* TRY IT
Report every line of the records that contains the word "sleeves".

(Stored entries)

----------

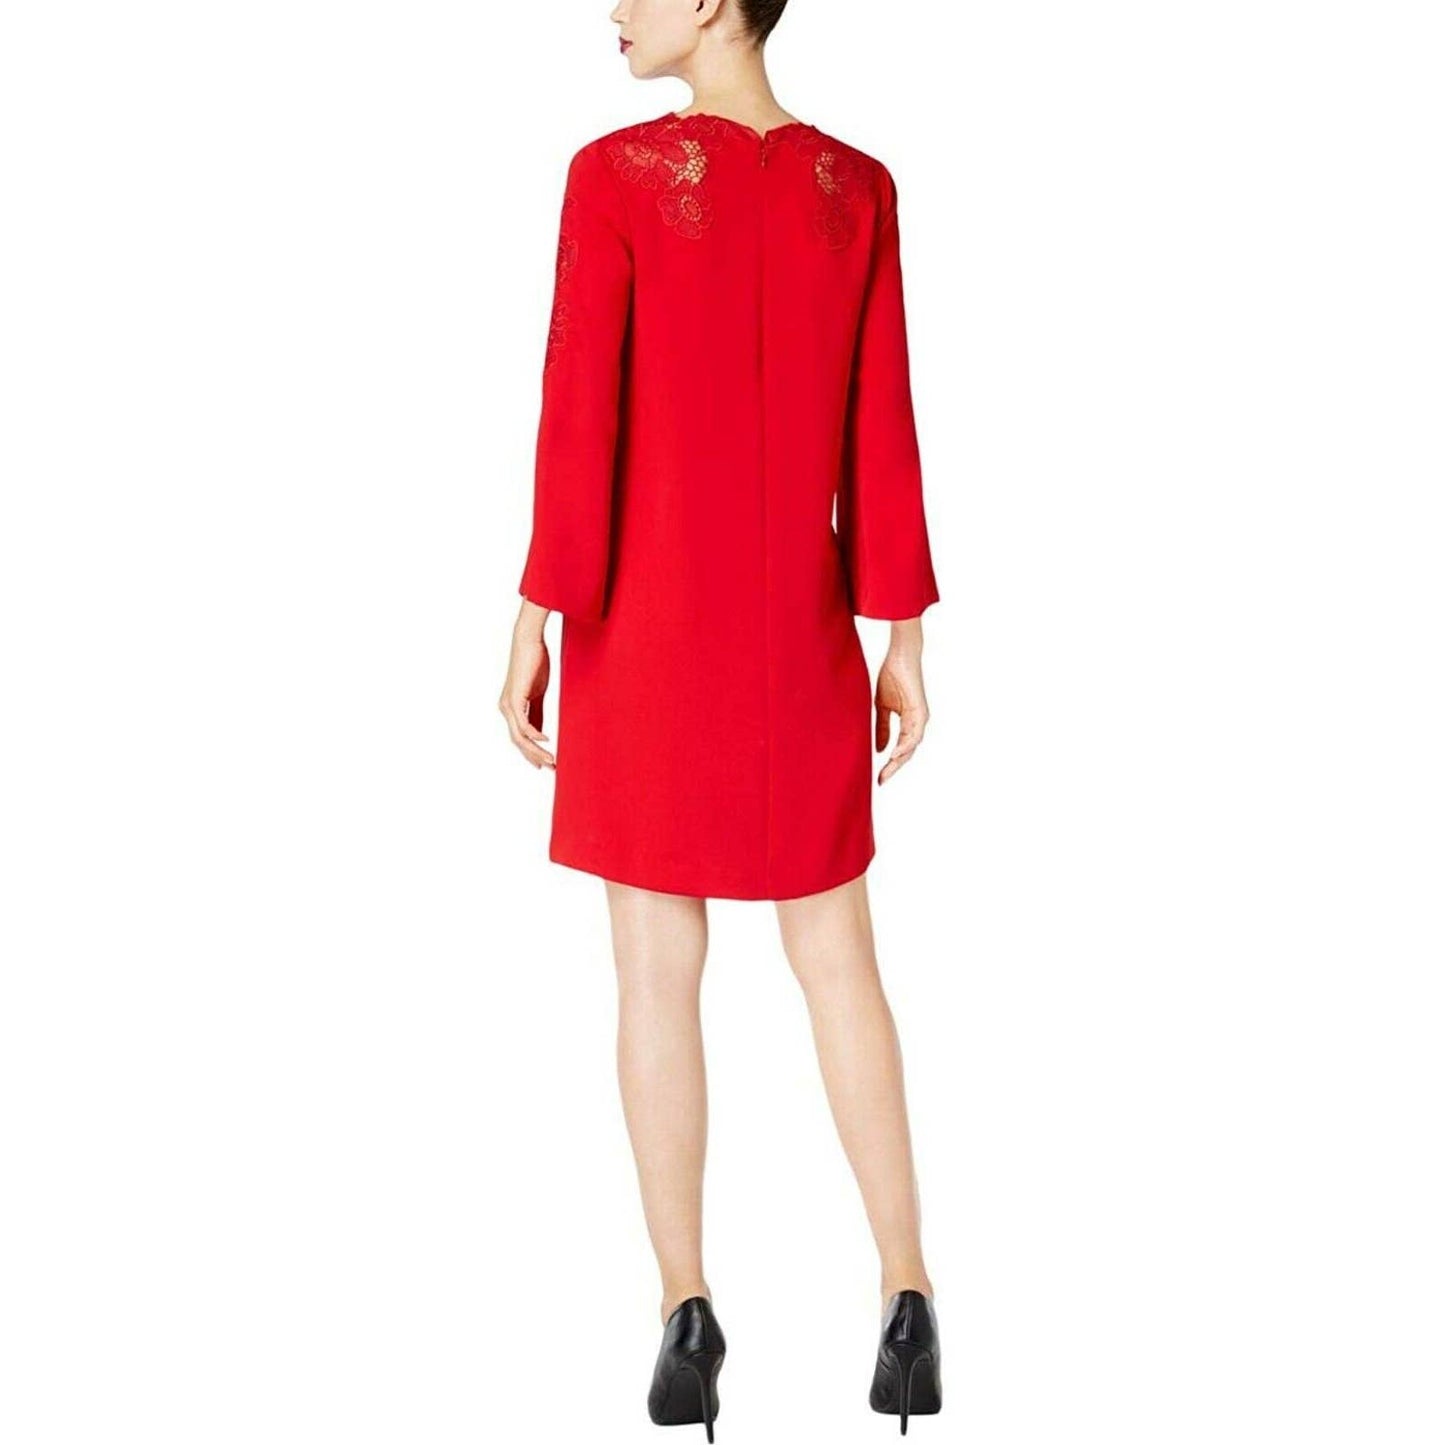 ALFANI LADIES BELL SLEEVE COCKTAIL SHIFT DRESS, LACE TRIMMED, BANNER RED, NWT
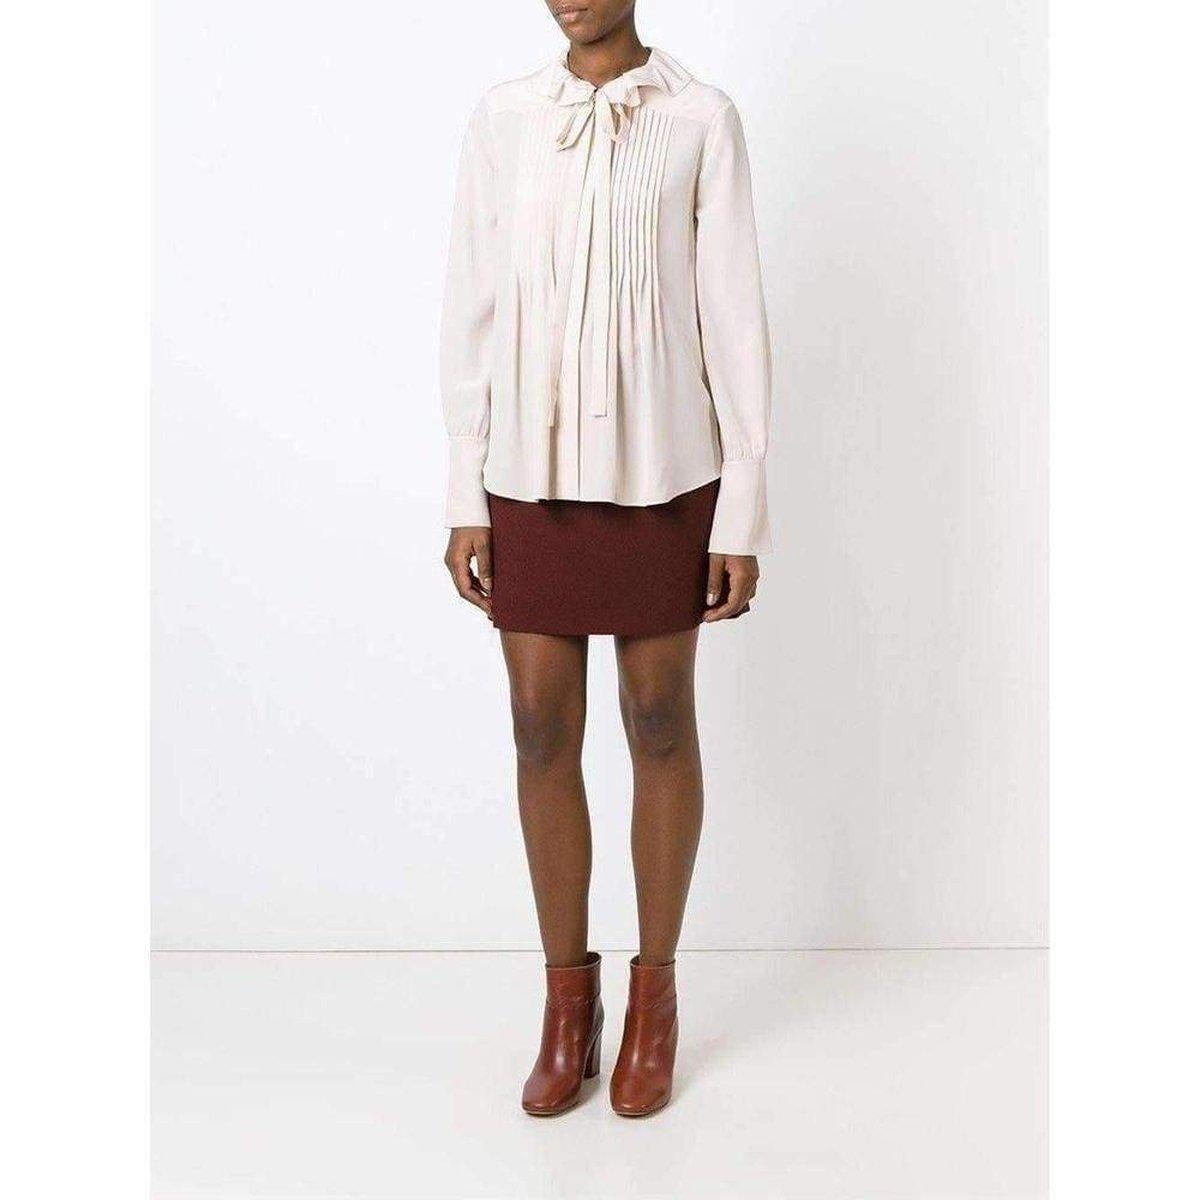 FOLLOW US @RUNWAYCATALOG

Albaster silk bow detail shirt from Chloé
Classic collar
Long sleeves
Concealed fastening
Front pleated yoke and bell sleeves. 
Composition Silk 100% 
Dry Clean Only 

Measurements for sz 38 
Bust: 34” 
Length: 33” 
Sleeve:
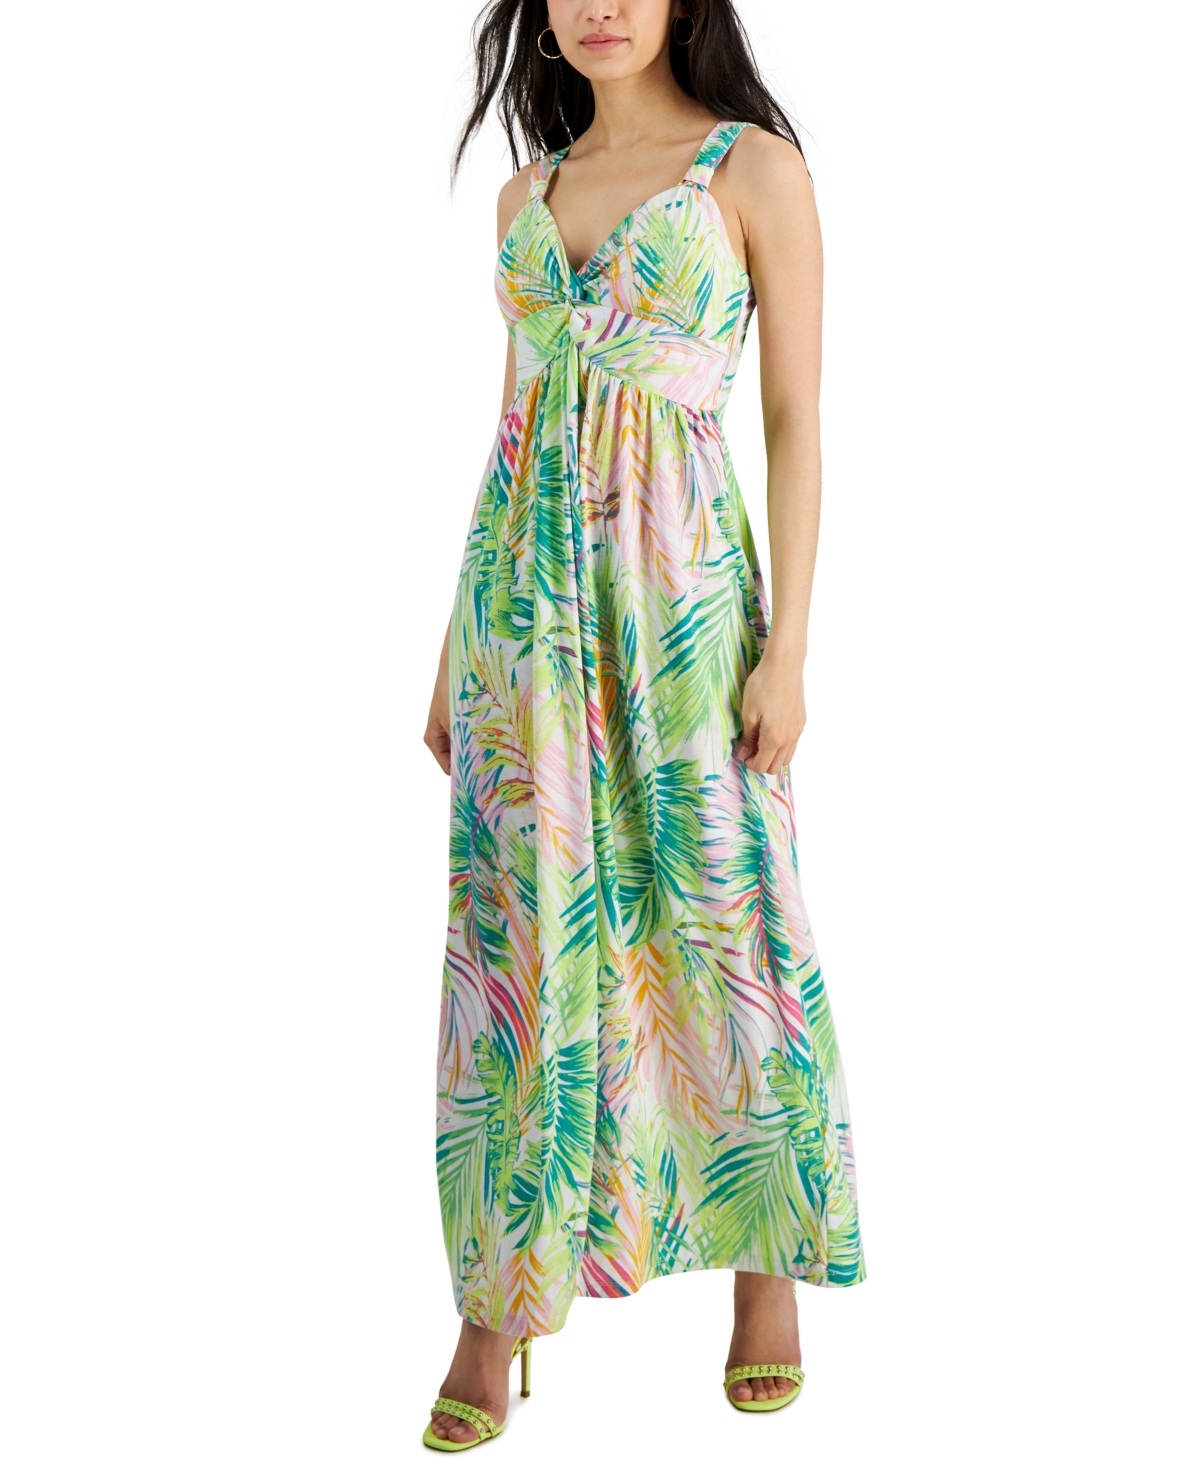 Jamie & Layla Petite Printed Twist-front Maxi Dress In Bright White Palm

----------

* ANSWER TO THE EXERCISE
Long sleeves
Front pleated yoke and bell sleeves. 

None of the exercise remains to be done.